Domain-level EventStorming

According to Brandolini, this is the “Big Picture” EventStorming workshop aimed at identifying the business processes, domain events, commands, actors, aggregates, etc.

Development-level EventStorming

This is a more small-scale activity that involves an engineering team, its business stakeholders, the product manager, and UX designers. This is similar to what Brandolini calls “Design Level EventStorming.”

Here, the focus is on the bounded context and developments within it. The team identifies the internal process flows, local events, and separation of functionality and responsibilities. These become the early sketches for set-piece microservices, their interfaces, and event interactions. The outcome from the development-level EventStorming feeds into the solution design process (explained in Chapter 6) as engineers start thinking about the serverless architecture.

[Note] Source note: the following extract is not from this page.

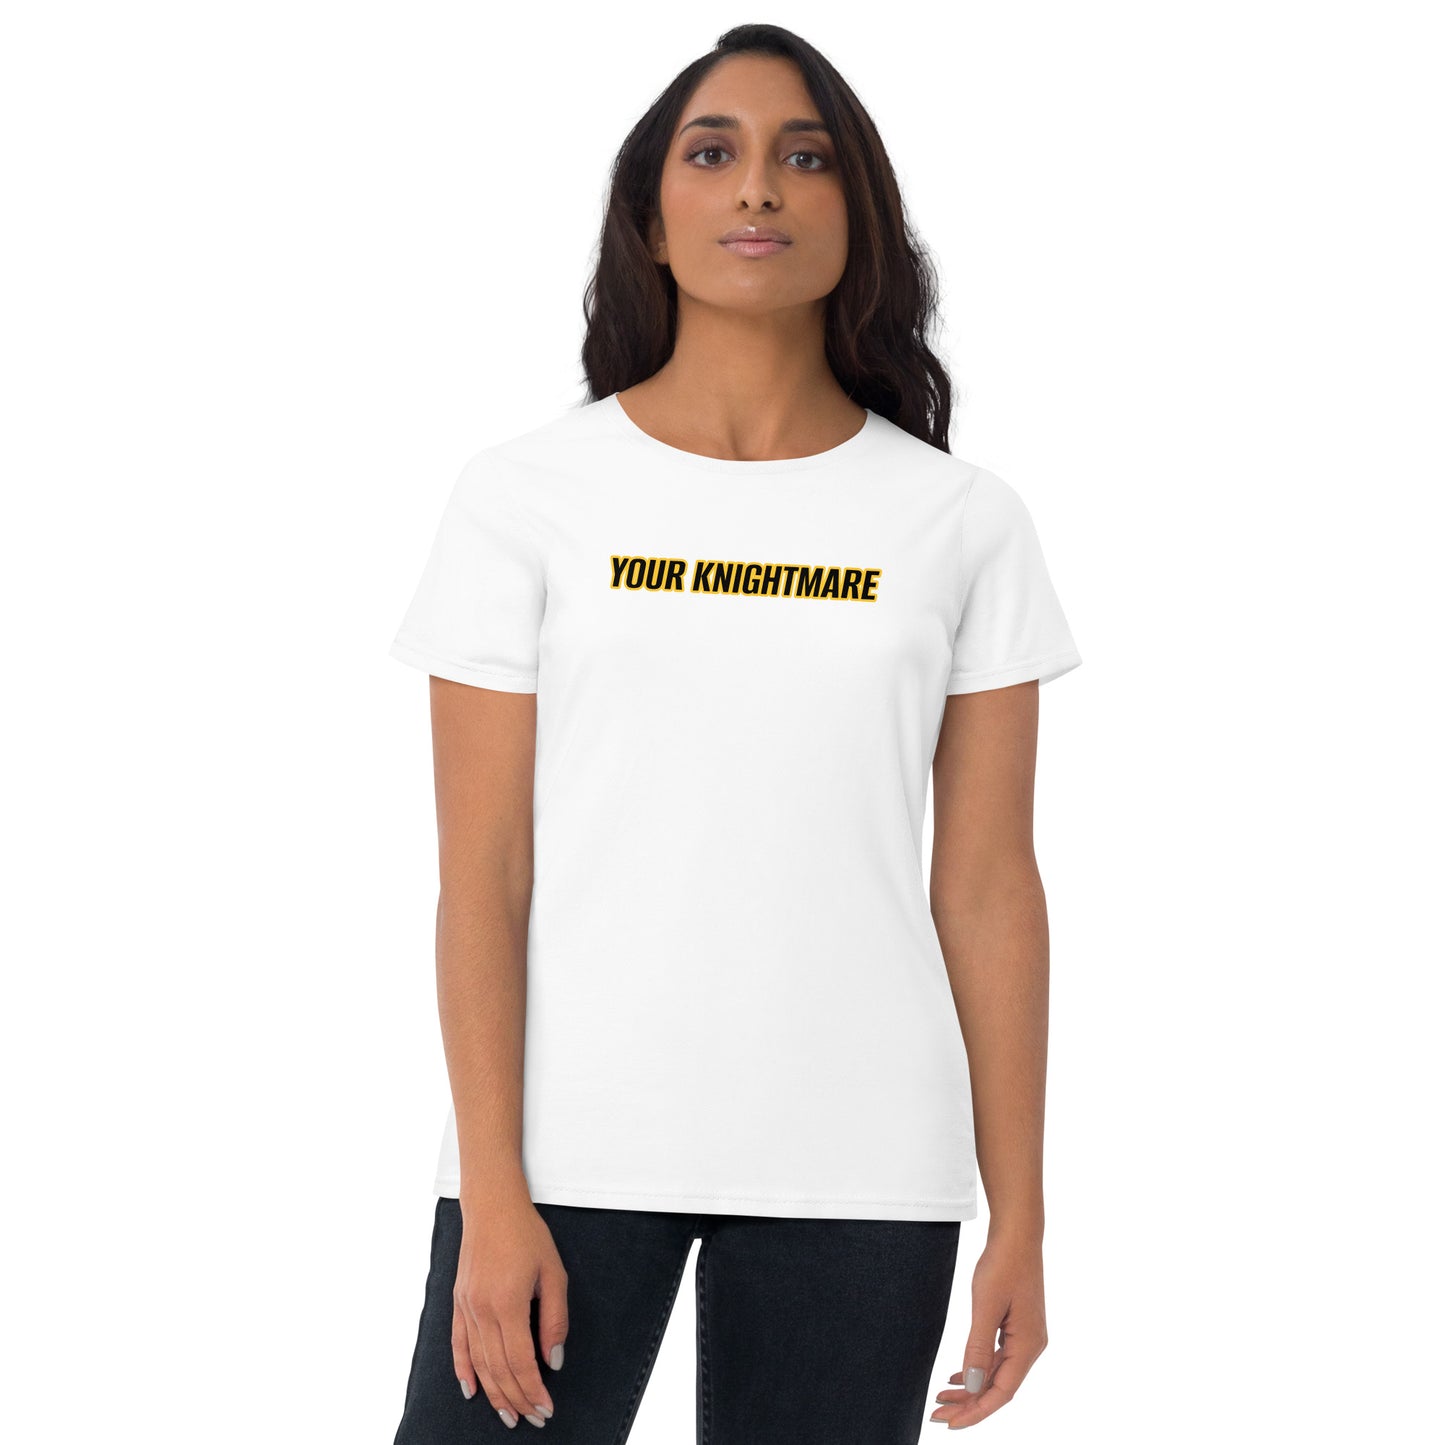 YOUR KNIGHTMARE | short sleeve t-shirt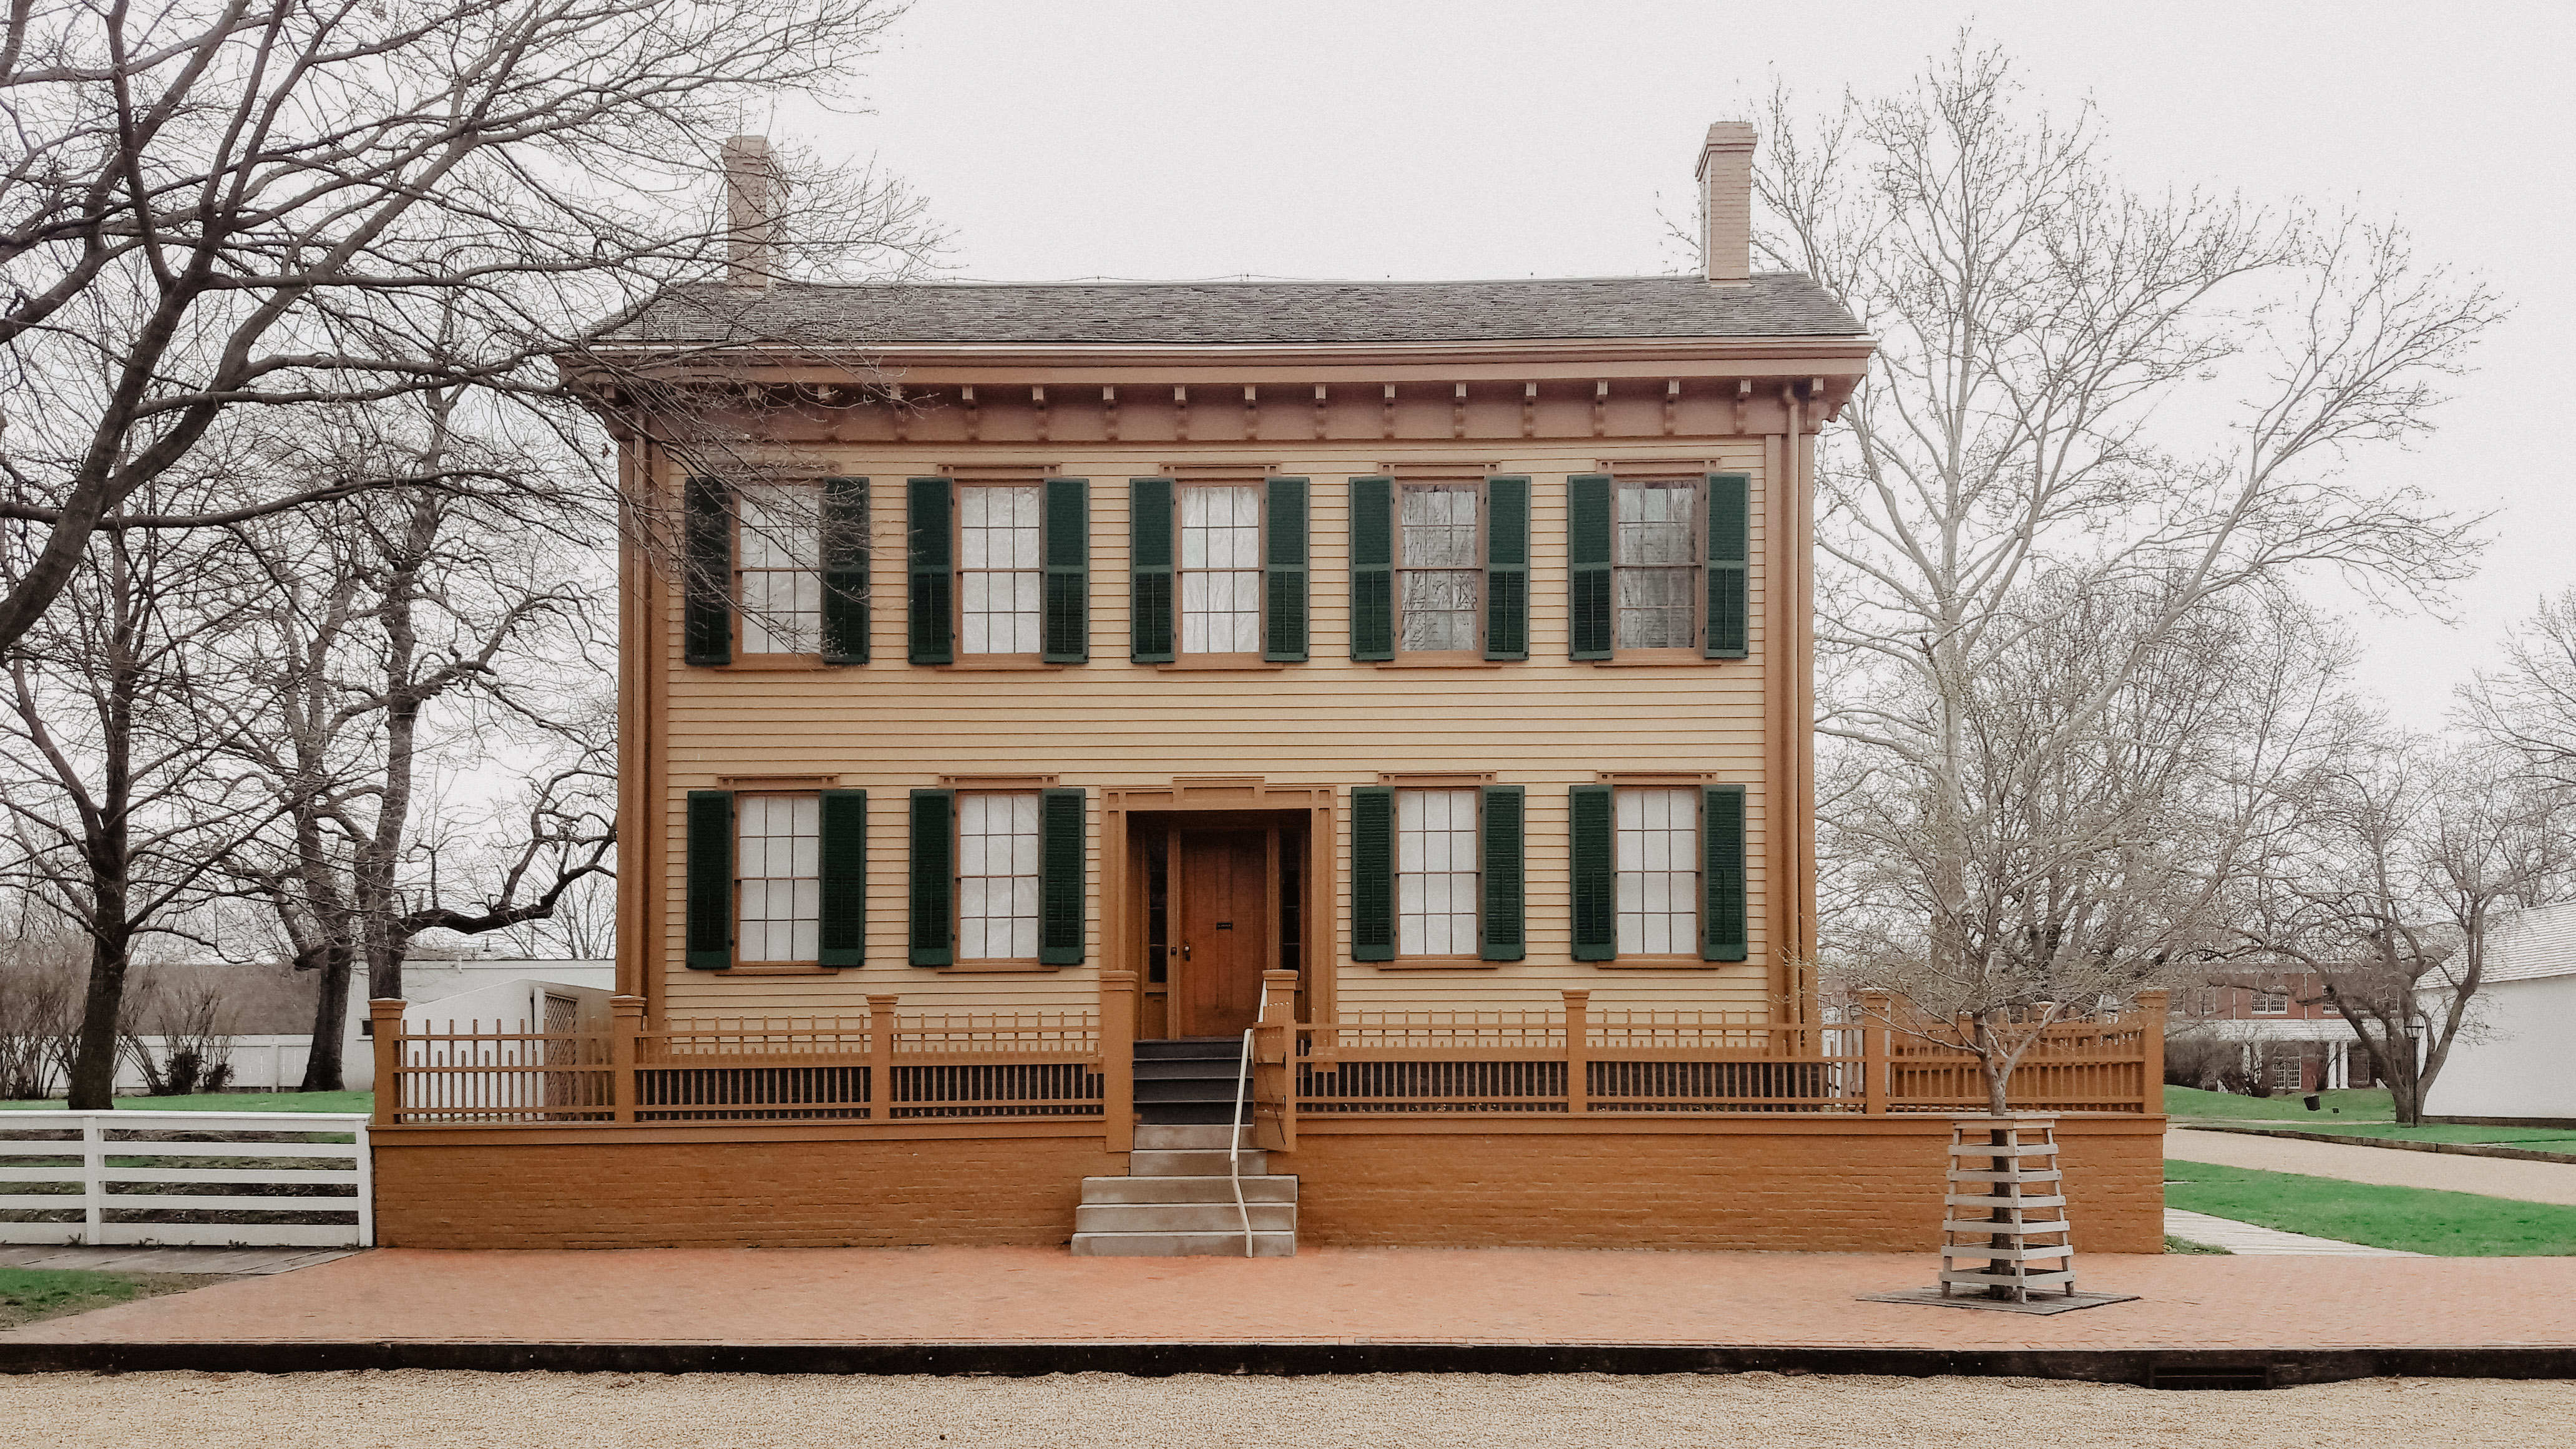 Lincoln Home National Historic Site in Springfield, Illinois - 1 day in Springfield

Let’s consider an example situation for development-level EventStorming:

Context: Figure 2-3 (in “Domain-first”) shows the breakdown of an ecommerce domain. A domain-level EventStorming workshop has identified the subdomains and bounded contexts. A stream-aligned team owns the user payments bounded context.

Use case: Due to customer demand and to prevent fraud, the stakeholders want to add a new feature where customers who call the customer support center to place orders over the phone can make their payments via a secure link emailed to them rather than providing the card number over the phone.

The proposed new feature only requires part of the ecommerce team to participate in a (development-level) EventStorming session. It is a small-scale activity within a bounded context with fewer participants.

Summary

You’ve just completed one of the most crucial chapters of this book on serverless development. The architectural thoughts, best practices, and recommendations you’ve learned here are essential whether you work as an independent consultant or part of a team in a big enterprise. Irrespective of the organization’s size, your ambition is to architect solutions to the strengths of serverless. Business requirements and problem domains can be complex and hard to comprehend, and it is the same in other fields and walks of life. You can observe and learn how people successfully solve non-software problems and apply those principles in your work.

Serverless architecture need not be a complex and tangled web of lines crisscrossing your entire organization. Your vision is to architect single-purpose, loosely coupled, distributed, and event-driven microservices as set pieces that are easier to conceive, develop, operate, observe, and evolve within the serverless technology ecosystem of your organization.

You will carry the learnings from these initial chapters with you as you go through the remainder of the book. You will begin to apply the architectural lessons in Chapter 5, which will teach you some core implementation patterns in serverless development. But first, the next chapter delves into one of the fundamental and critical topics in software development: security.